ModelBest forRated speedTested speedRated rangeTested rangeWeightStreet price
Quick 4 / Quick 4 SuperBest overall INOKIM25 mph23.8–25 mph34–44 mi24.6–28 mi46–47 lb~$850–1,995
OXOBest performance flagship40 mph35.9–36.7 mph~60–68 mi33.1–36.6 mi74 lb~$1,999 (list $3,500)
OX SuperBest ride comfort28 mph28 mph56 mi33 mi55–61 lb~$1,999–2,250
Light 2 MaxBest lightweight commuter21 mph27 mi31 lb~$995–1,500
KIX (2026)Cheapest INOKIM15–20 mi claimed30 lb~$1,100

Two caveats that make this table honest. Rider Guide tests with a 165 lb rider and Electric Scooter Insider with a 197 lb rider, so their range figures are not directly comparable — the spread you see above is partly rider weight. And the Light 2 Max and KIX have no independent test data at all; their columns are blank on purpose rather than filled with the older Light 2’s numbers.
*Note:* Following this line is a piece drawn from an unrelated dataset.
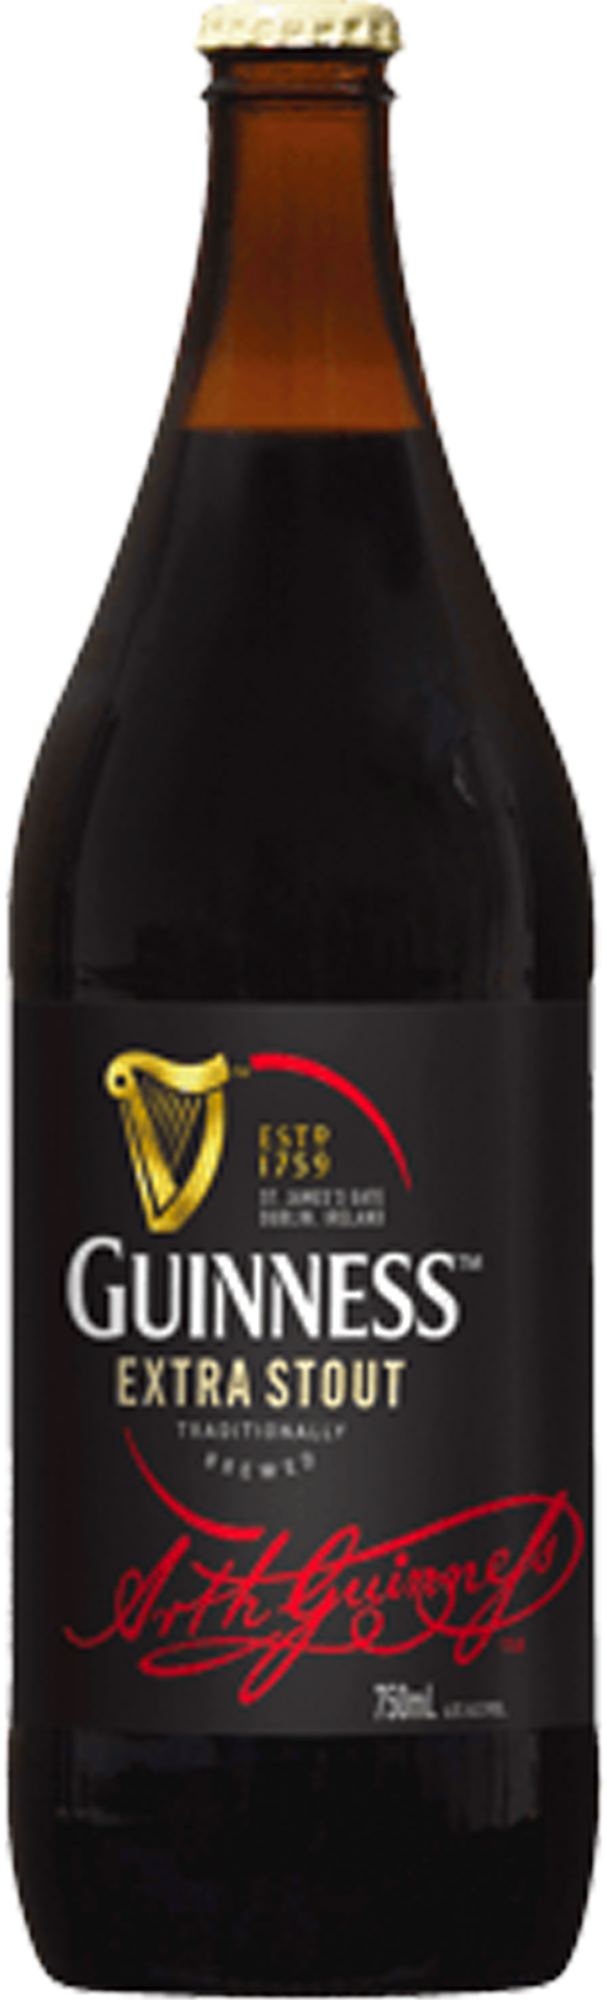 Guinness Extra Stout 750ml

INOKIM Quick 4 Super — best INOKIM overall

Why it wins

  • The best-balanced INOKIM: 600W nominal with 1,100W peak, a 52V 16Ah Samsung pack (832Wh), 10×2.5-inch pneumatic tires and front spring plus rear rubber suspension, at 46–47 lb.
  • Rider Guide measured 23.8 mph and 24.6 real miles against a 25 mph / 34–44 mile rating; Electric Scooter Insider hit the full 25 mph and 28 miles with a heavier 197 lb rider.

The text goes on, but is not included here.